» **TASK**
With every picture left out, give the data below back exactly.
Start of COLLECTED MATERIAL
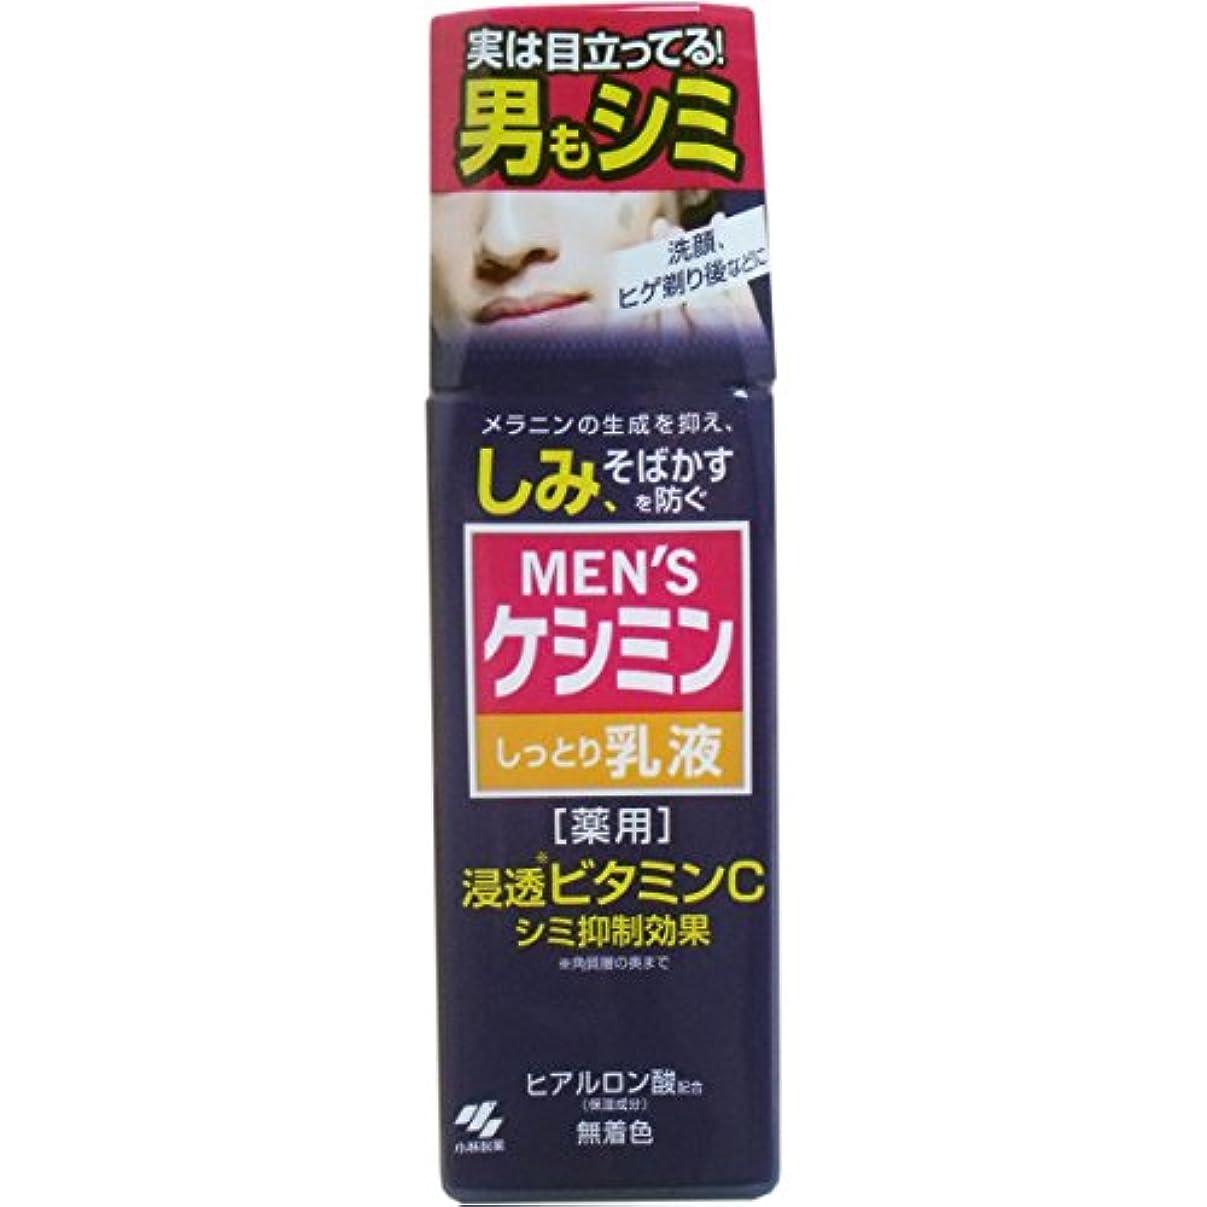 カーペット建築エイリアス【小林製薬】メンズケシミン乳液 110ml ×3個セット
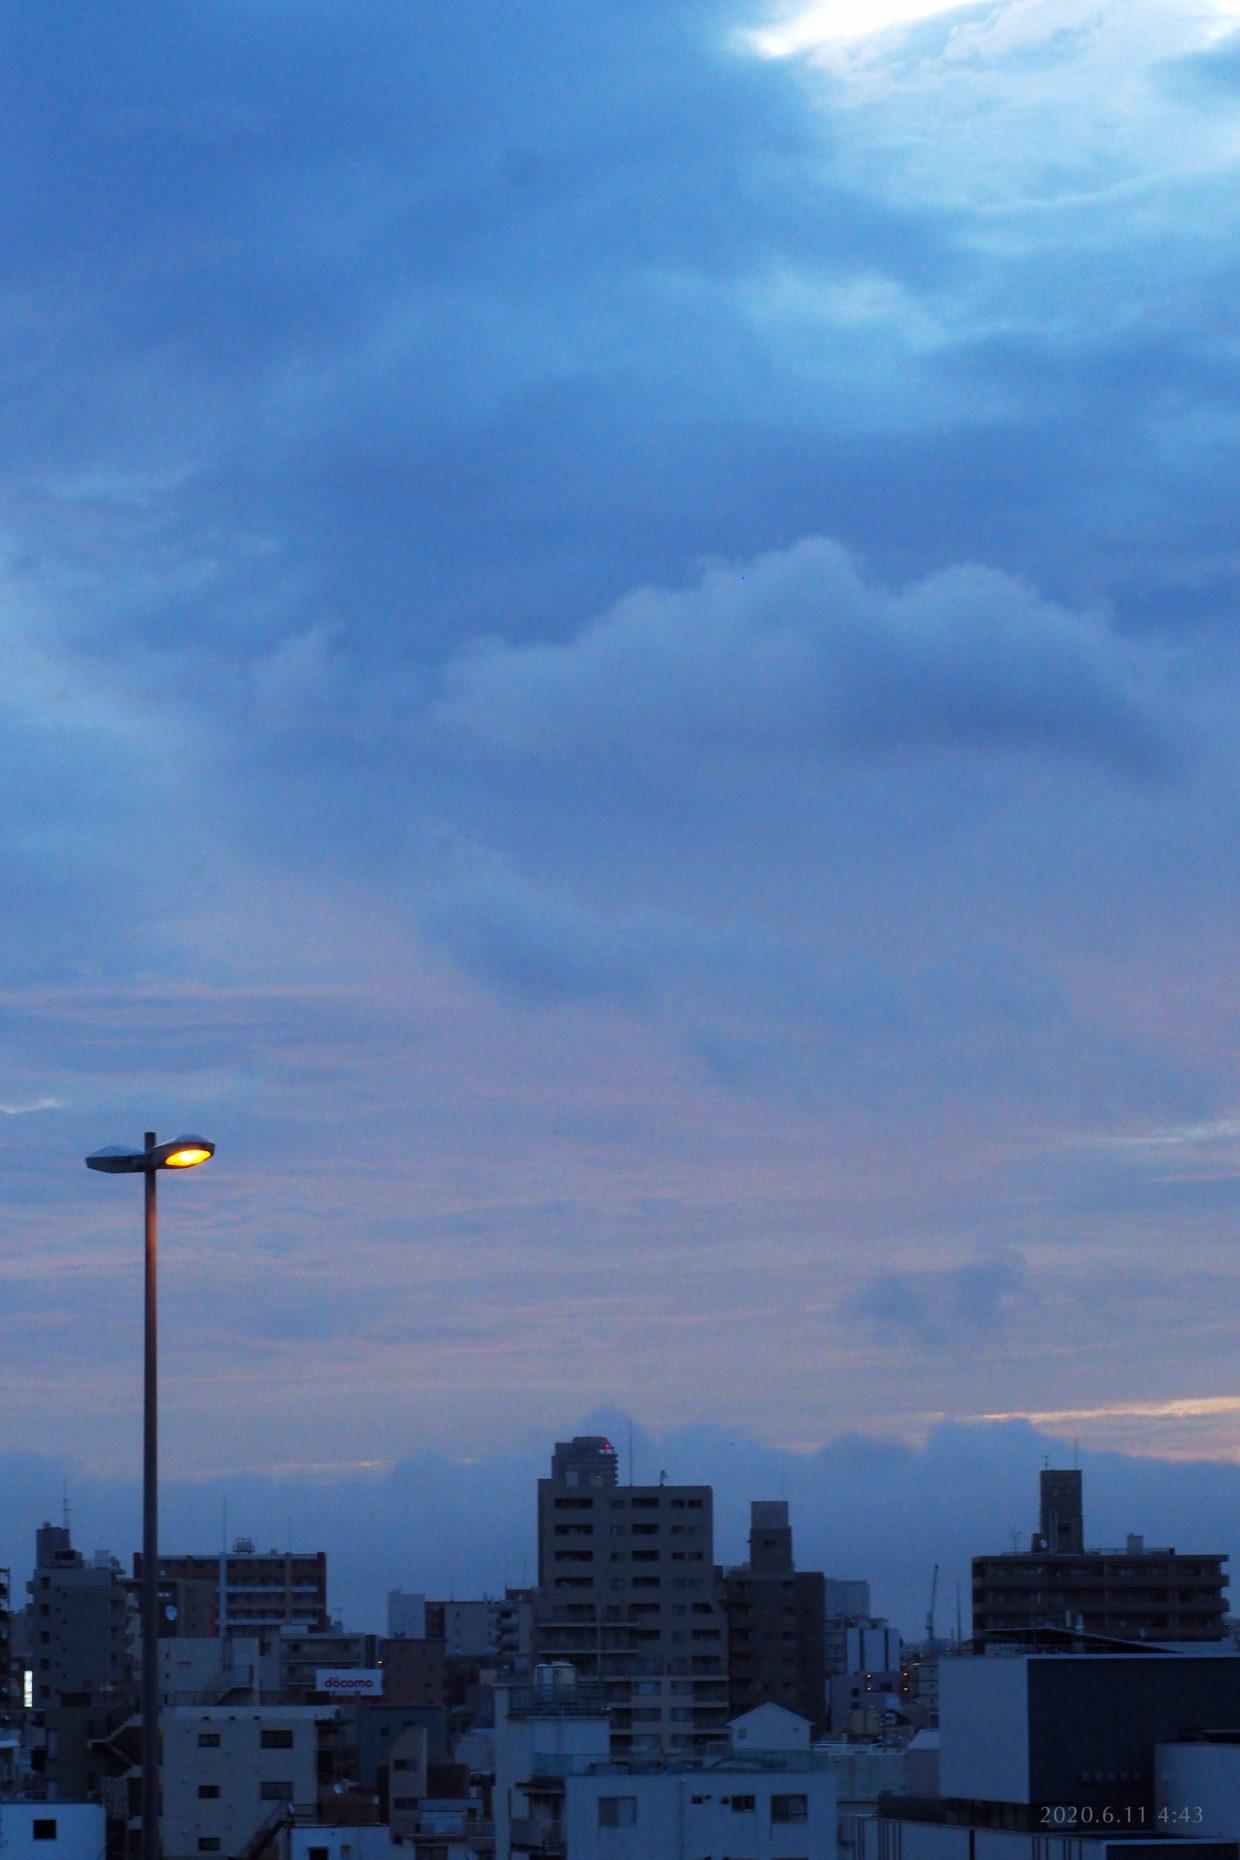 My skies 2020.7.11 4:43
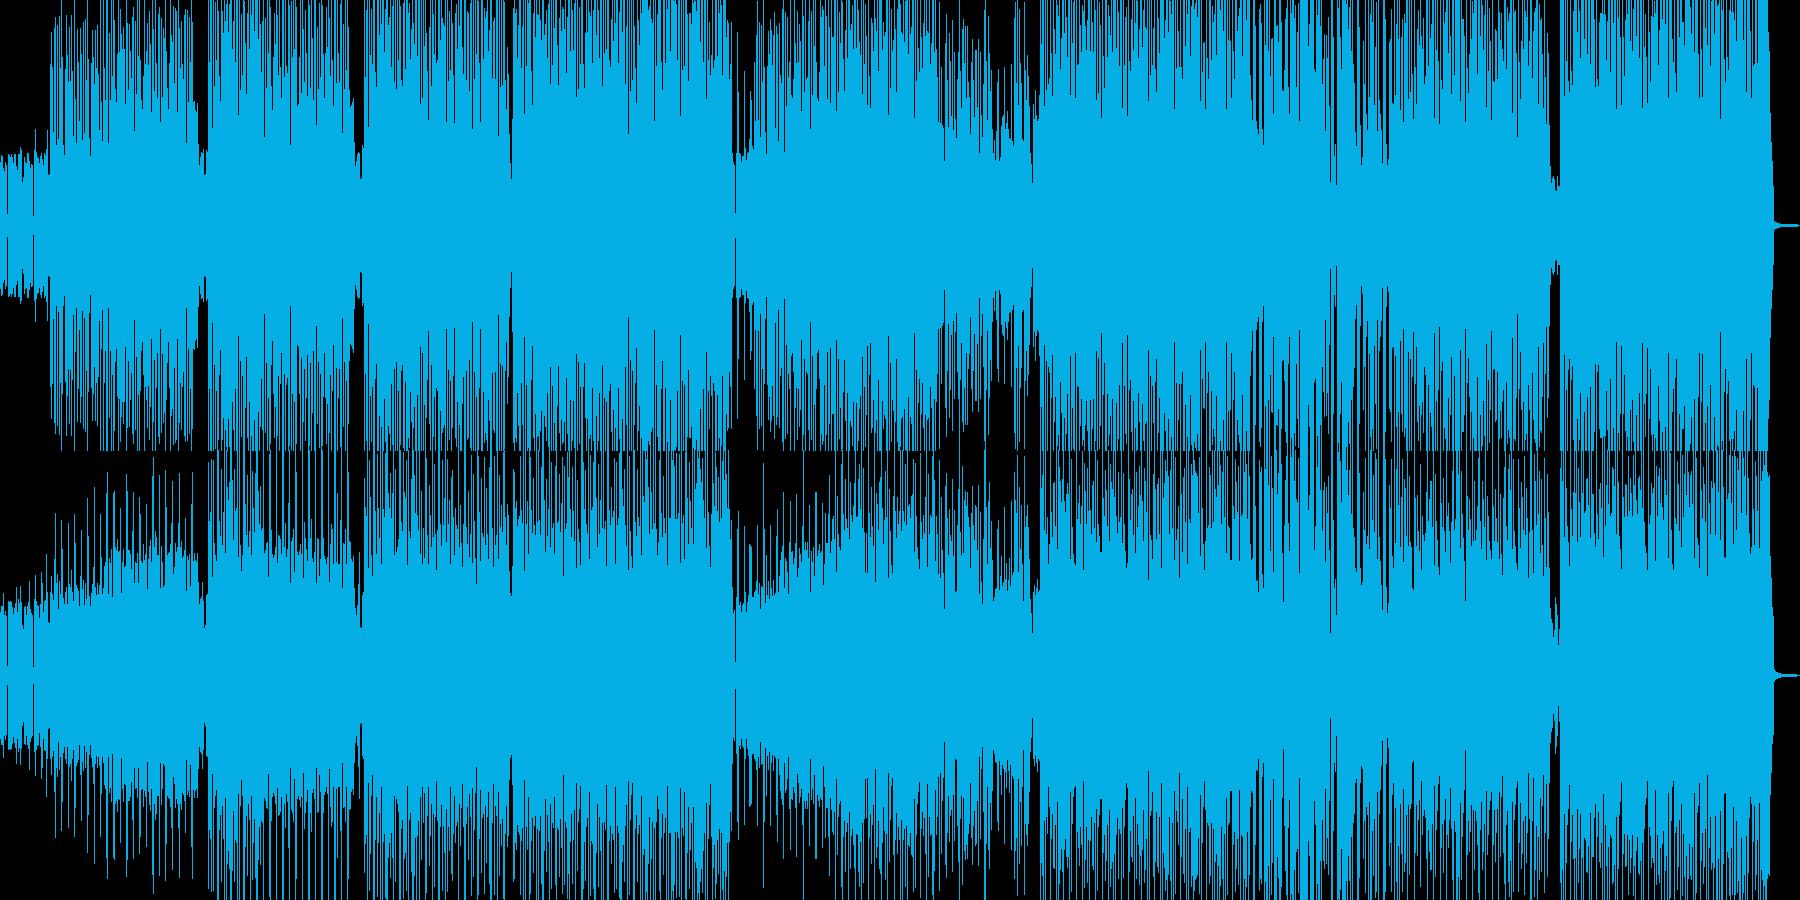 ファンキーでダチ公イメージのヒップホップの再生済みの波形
End of COLLECTED MATERIAL
» **TASK SOLUTION**
 カーペット建築エイリアス【小林製薬】メンズケシミン乳液 110ml ×3個セット
 My skies 2020.7.11 4:43
 ファンキーでダチ公イメージのヒップホップの再生済みの波形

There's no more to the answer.